3. Successful reconstruction output files are placed in the /gpfs3/RUN7PRDF/prod/run7/output/newstore areas according to the file type (CNT, DST, ...). These files will be transported to RCF. After the files are transported to RCF they are moved to the equivalent /gpfs3/RUN7PRDF/prod/run7/output/store areas.
Execute the cleanup script clean.sh script
This script runs the two scripts clean_batch.sh and clean_newstore.sh .
1. The clean_batch.sh script removes all the files in /gpfs3/RUN7PRDF/prod/run7/output/runs/batch* .
2. The clean_newstore.sh removes all the file in /gpfs3/RUN7PRDF/prod/run7/output/newstore/fail/*/* .
Execute the mklist.sh script to make a list of new input files.
The mklist.sh script has three command lines. The first is to execute the makefilelist.sh script which produces files called total_todo*.txt which are located in a list subdirectory. The second command is line count on these files. The third command is for the date. The outputs of these command are written to the mklist.log file. The principle script makefilelist.sh functions as follows:
1. A minimum run number is set to 228828, which was the first PRDF transferred to Vanderbilt for Run7. A maximum run number is set to be the value in the run.info file produced in step 3b described above.

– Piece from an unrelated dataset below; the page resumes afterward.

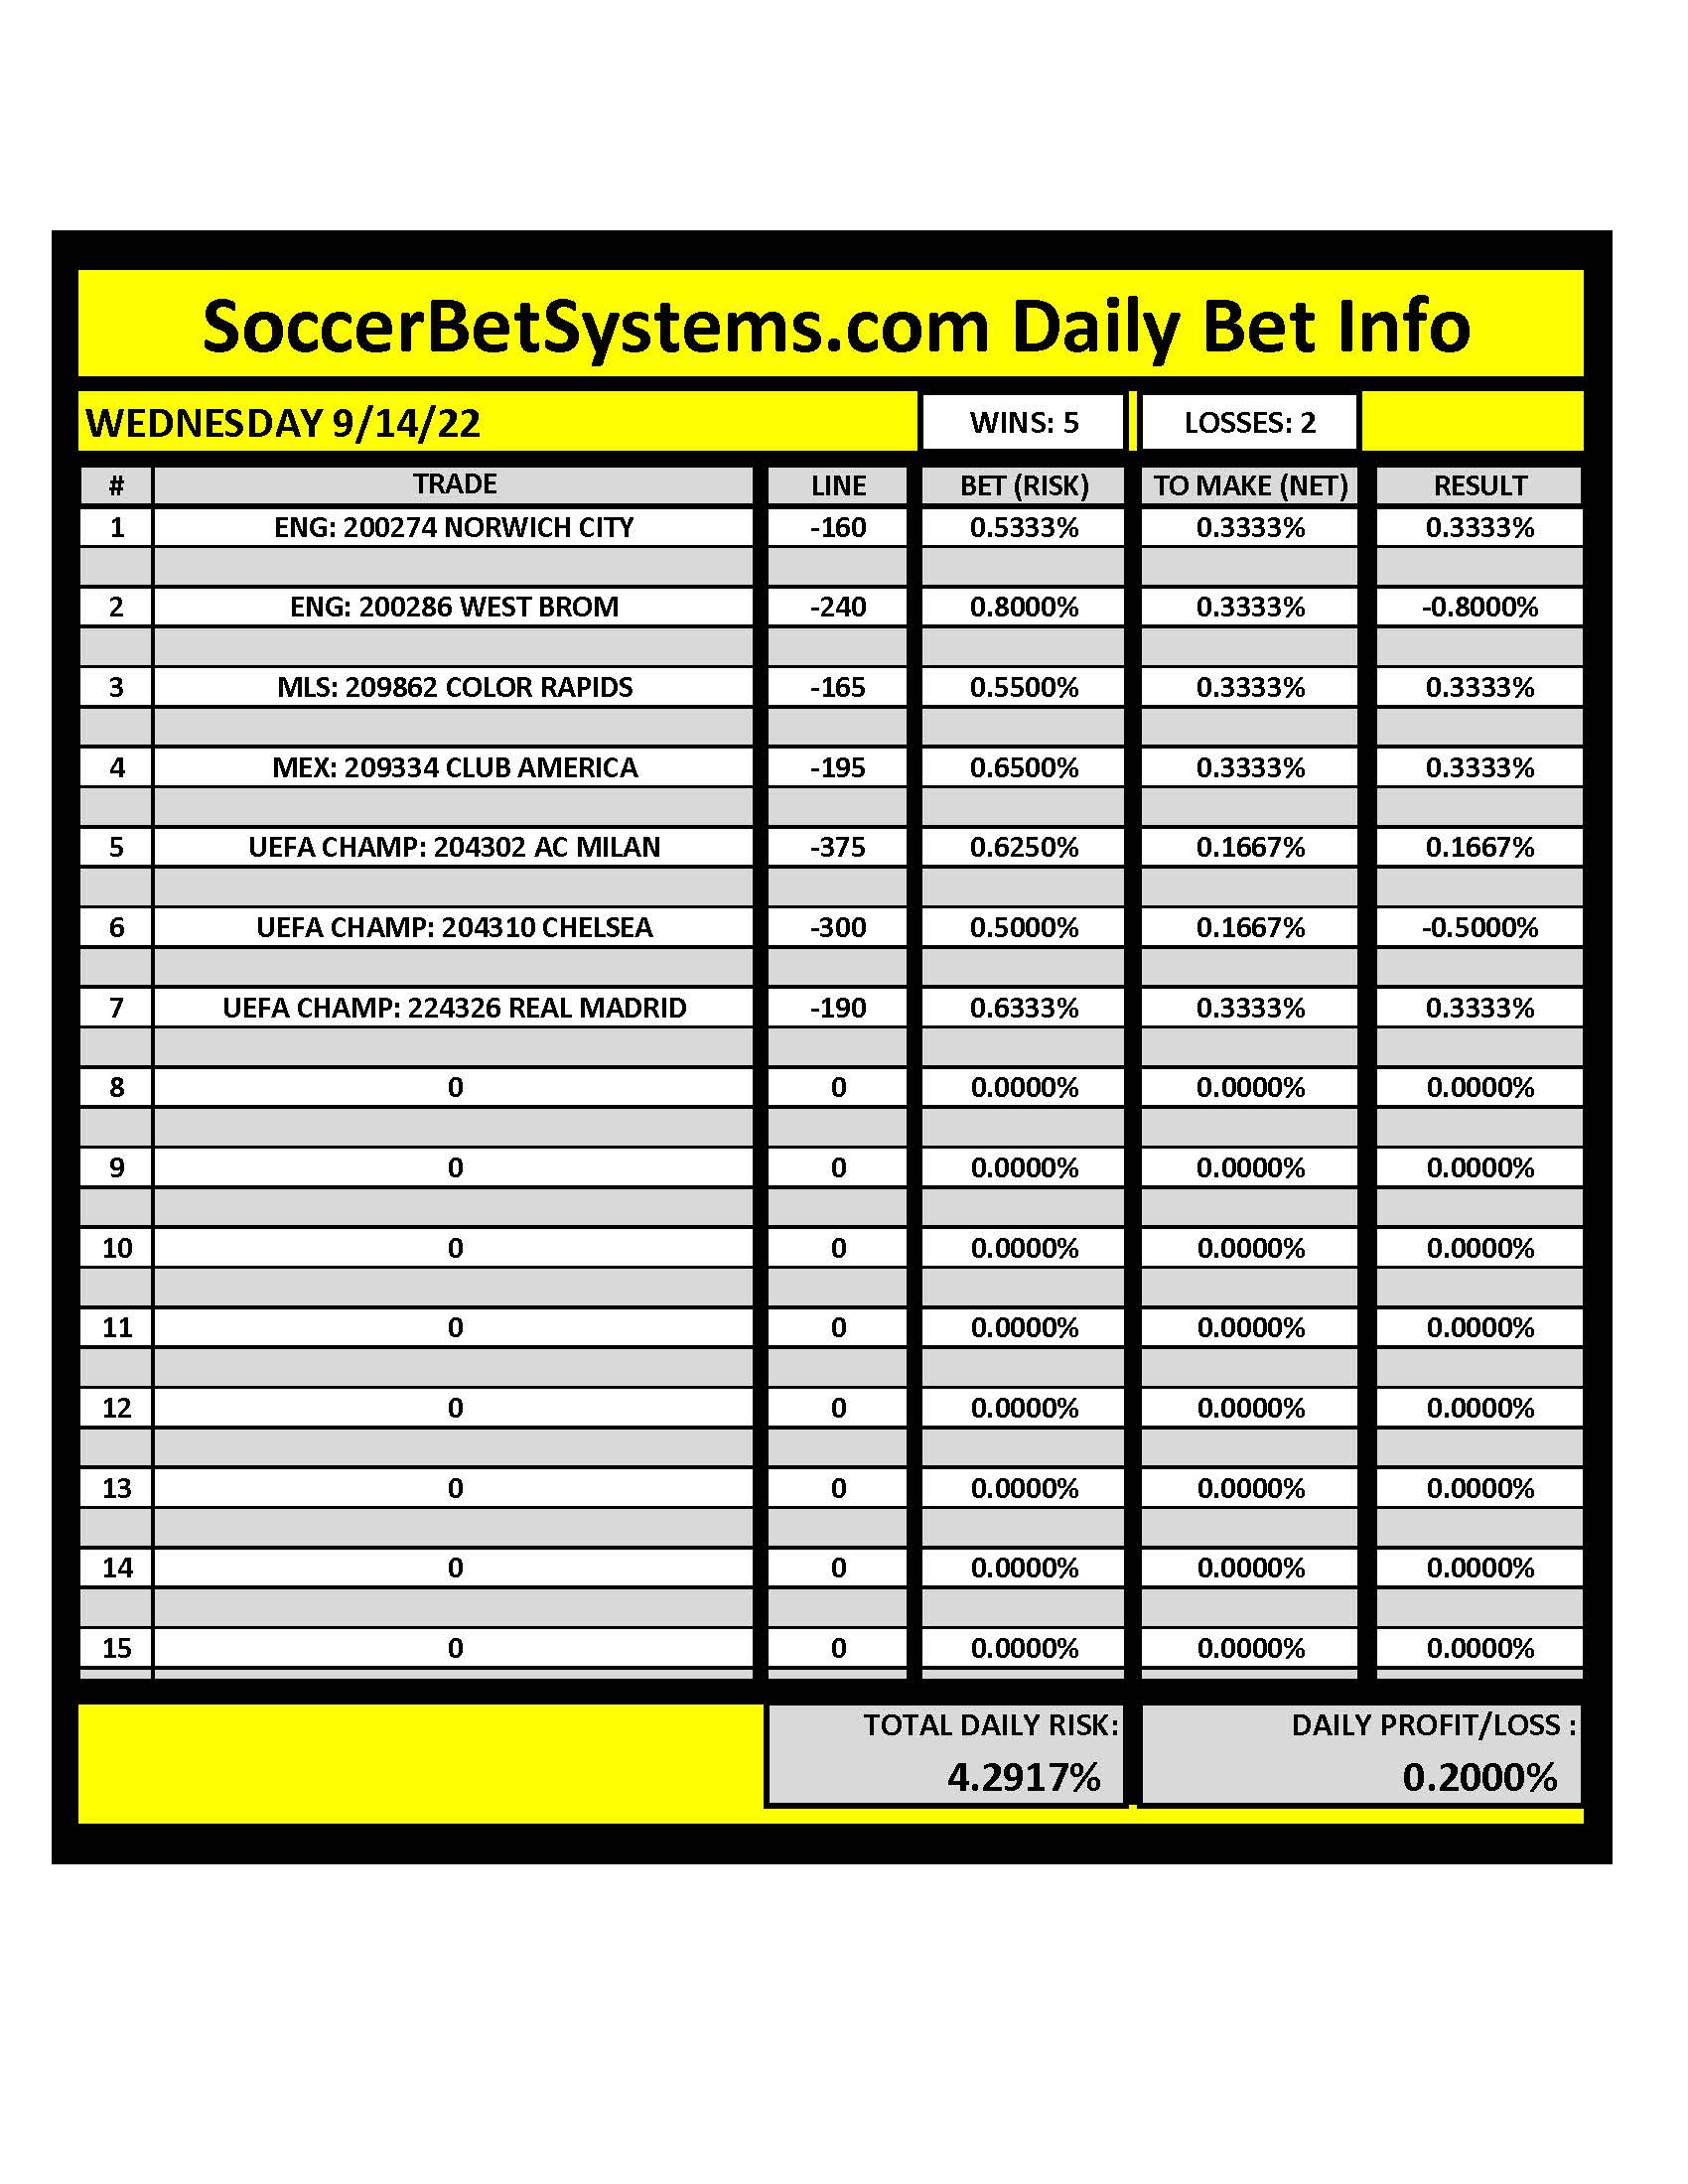 SoccerBetSystems.com 9/14/22 Daily Results

2. The PRDF data file directory is presently set to /blue/phnxreco/RUN7PRDF/auauMinBias200GeV. A get_status script is run on the data directory /blue/phenix/RUN7PRDF/auauMinBias200GeV and the work directory /gpfs3/RUN7PRDF/prod areas. Three output files are produced: done.txt, ok.txt, and fail.txt. The done.txt file has the full path file names (including the /blue/phenix/..) which are in the "store" directory, namely those files which are already at RCF. The ok.txt file has the successfully reconstructed full path file names which are in the "newstore" directory awaiting transfer to RCF. The fail.txt file has the full path file names in the "newstore" fail subdirectory which means that these runs were not successfully reconstructed.

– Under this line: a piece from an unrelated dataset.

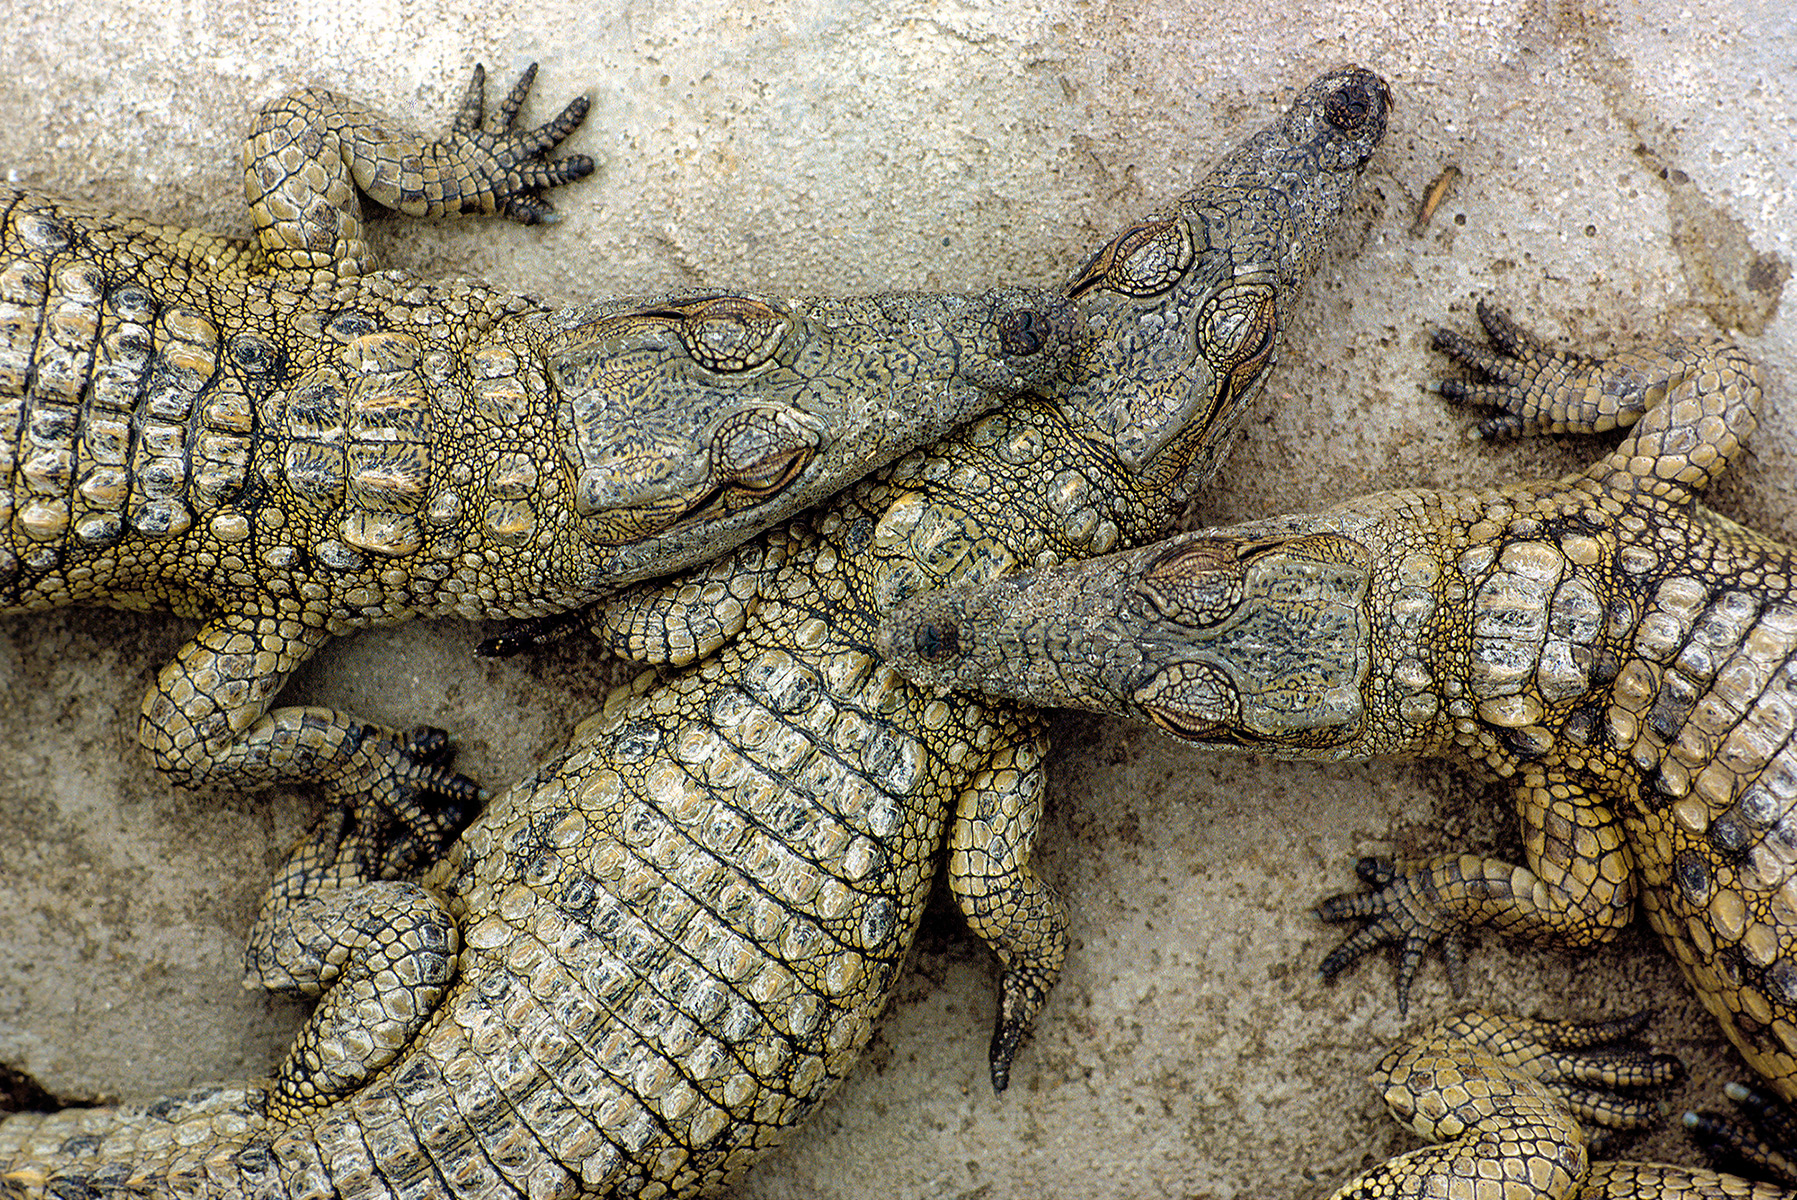 Nile Crocs, South Africa

3. The file list from the data file directory (/blue/phenix/...) is updated to produce a filelist_all.txt file. This accounts for any newly transferred files.
4. The filelist_all.txt file is sorted to a unique names filelist.txt file, although this file seems to be identical to the original file.
5. The three status files ok.txt done.txt total_done are reduced to a unique names tmp.txt file which then replaces the previous total_done file.
6. A difference is made between the filelist.txt and the total_done.txt files to produce a diff.txt file.
7. The diff.txt file is reduced to a total_todo_all.txt file by checking the relevant run range. This run range is from the minimum run number to the maximum (and likely uncalibrated) run number.
8. A comparison is then made against the list of calibration runs. The current total_todo.txt file is erased and recreated with a zero length. The calib.out file is used to parse the total_todo_all.txt file with the result to be appended to the initially empty total_todo.txt file. This file then contains all the unprocessed input files which have valid calibrations.
9. There are then four file lists prepared:
  1) todo_all_runlist.txt starting from the full path file names total_todo_all.txt which produces a unique column of run numbers without the file segment numbers,
  2) todo_runlist.txt starting from calibrated file names list total_todo.txt producing again a unique column of run numbers,
  3) done_runlist.txt starting from the already done file names list total_done.txt to produce a unique column of numbers, and
  4) runlist.txt from the total file list of names filelist.txt to get the unique column of numbers list.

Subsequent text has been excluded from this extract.